AN OLYMPIAN, a schoolgirl and a disabled table-tennis champion will all carry the Olympic torch through York this summer, before it arrives at the racecourse on a thoroughbred horse.

Stanley Wild, 68, of Muncaster, who represented Britain at the 1968 and 1972 Olympic Games and is director of York Community & Gymnastics Foundation, said of being selected to carry the torch: “It’s the culmination of my Olympic dream. It’s very exciting.”

All Saints RC School pupil Jessica Hoggarth-Hall, of Foxwood, will mark her 14th birthday with the extraordinary honour of carrying the torch. “My friends are really excited,” she said, adding that she hoped fellow pupils would be lining the route.

Clive Warley, 74, of Acomb, who was a four-time British disabled table-tennis champion and was a semi-finalist in the European championships in 1999, said he would be pushed along the route in his wheelchair: “I’m absolutely delighted,” he said, adding that if his mother had been alive, she would have said: “Fancy, our little Clive...”

City of York Council said the torch’s York journey, which is set to be televised live on BBC, would start at York College on June 19 and head down Tadcaster Road, along the Bar Walls from Micklegate Bar to Lendal Bridge, and then through city-centre streets including Coney Street, Stonegate, Low Petergate, Shambles, Clifford Street and Bishopthorpe Road to the racecourse.

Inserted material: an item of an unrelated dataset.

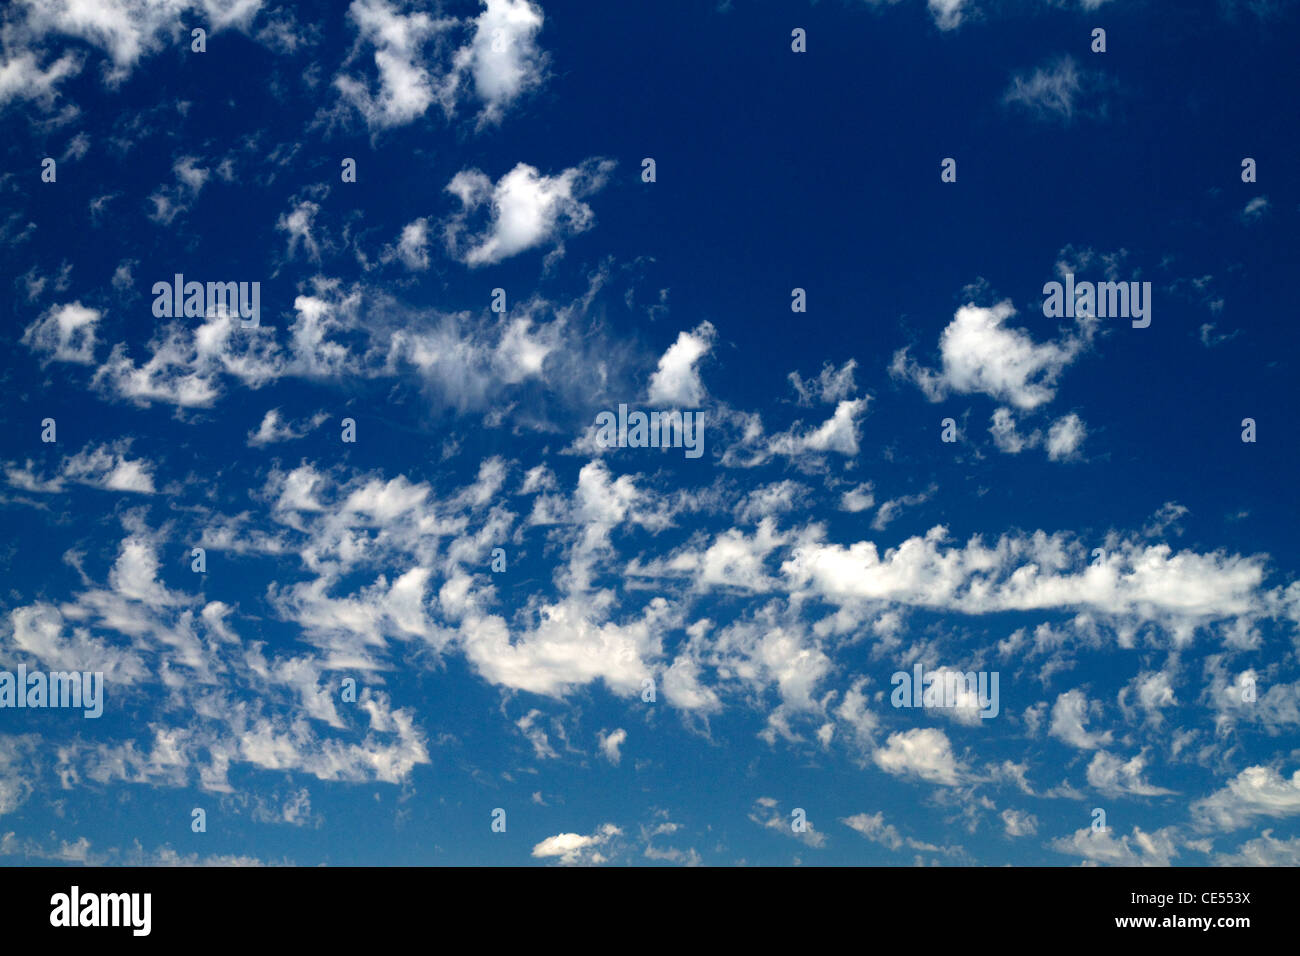 Cirruswolken am blauen Himmel. Stockfoto

York Press: Olympic torch route

There, a jockey and horse carry will the flame along the final furlong before delivering it to the event stage, where entertainment will include dozens of musicians playing African drums and a performance by the Minster choir.

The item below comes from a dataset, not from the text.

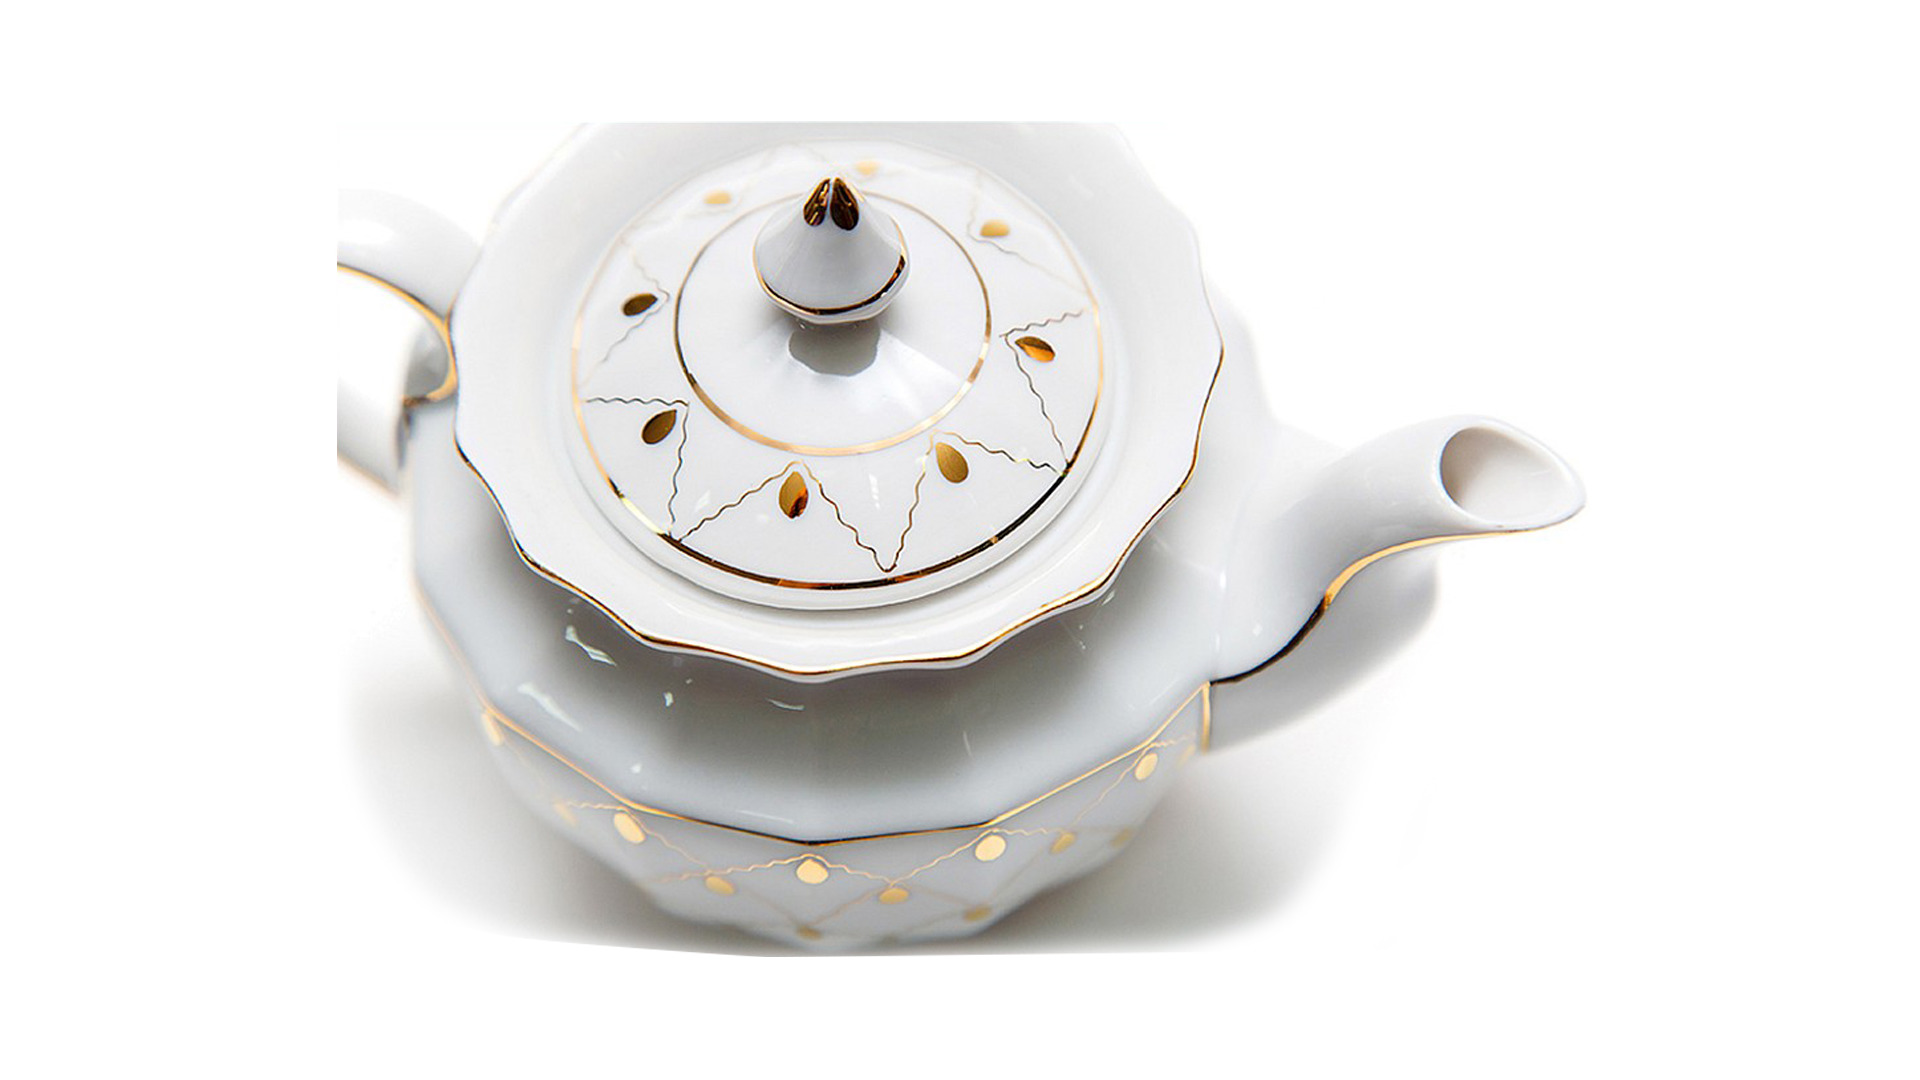 Сервиз чайный Франц Гарднер в Вербилках Золотая вуаль на 6 персон 15 предметов, фарфор твердый

Earlier that day, there will be sporting giant’s games on Knavesmire – a sports day involving four-metre high puppets made by children from 23 York primary schools, along with taster sessions of activities including basketball, cheer-leading, table tennis and equestrianism.

On June 20, the flame will be carried from the Minster to the National Railway Museum, from where it will steam to Thirsk on a Scots Guardsman locomotive.

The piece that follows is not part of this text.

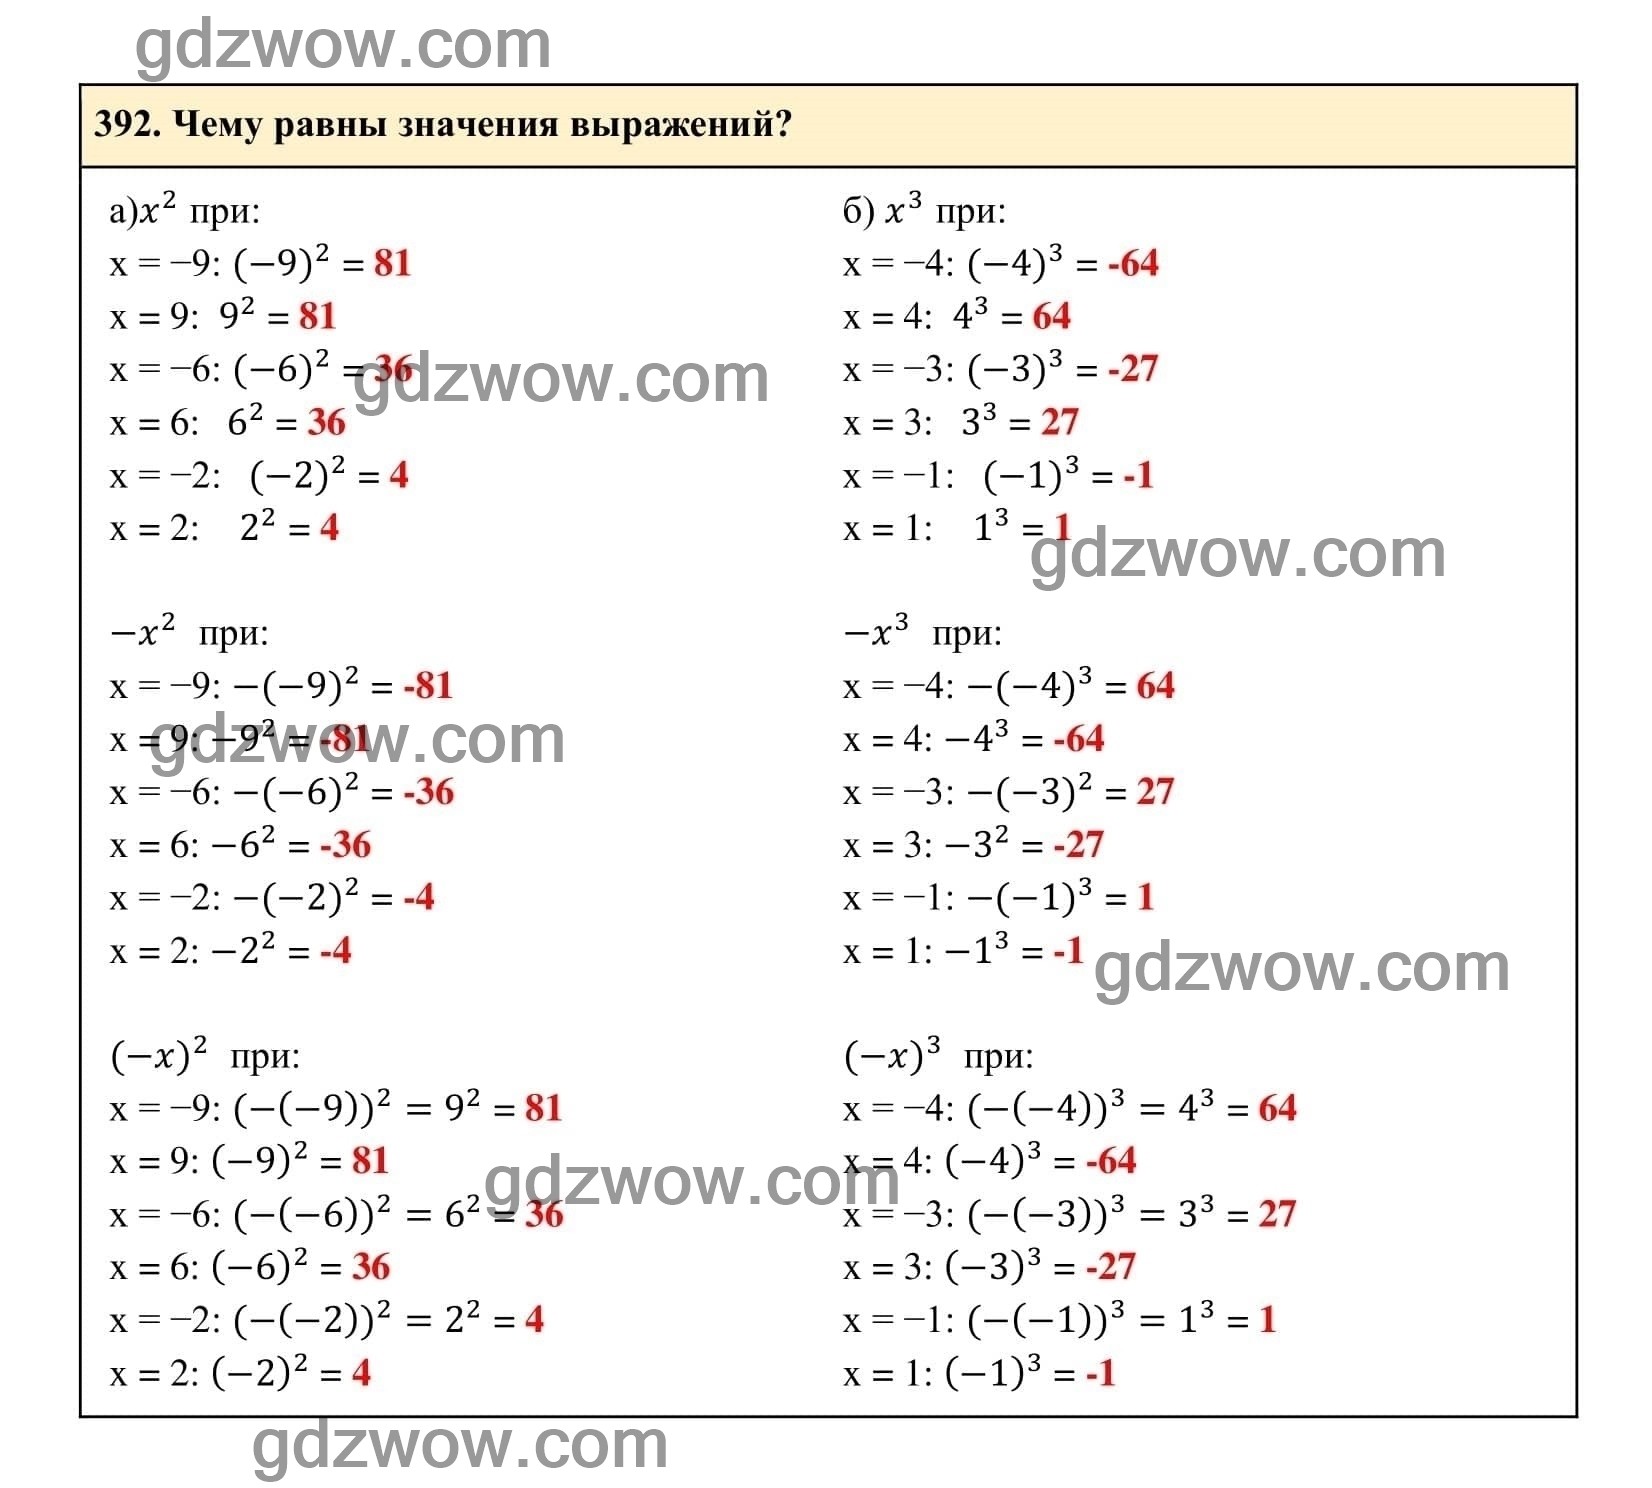 Упражнение 392 - ГДЗ по Алгебре 7 класс Учебник Макарычев (решебник) - GDZwow

Sebastian Coe, chair of the London Organising Committee of the Olympic and Paralympic Games (LOCOG), said local people could now start planning for the torch’s arrival and how they might “make it York’s moment to shine.”

Before it arrives in York, the torch will be carried from Whitby to Pickering and then to Scarborough, Filey and Hull, before heading to Selby through Camblesforth, and then to Harrogate and Ripon via Barkston Ash, Tadcaster, Boston Spa and Wetherby.

York Press: Olympic torch map

• YORK is also to host the Paralympic Flame in August. It will be taken to Energise sports centre in Cornlands Road for the Celebrating Ability Day on August 24. The city council is seeking nominations for people to carry the flame.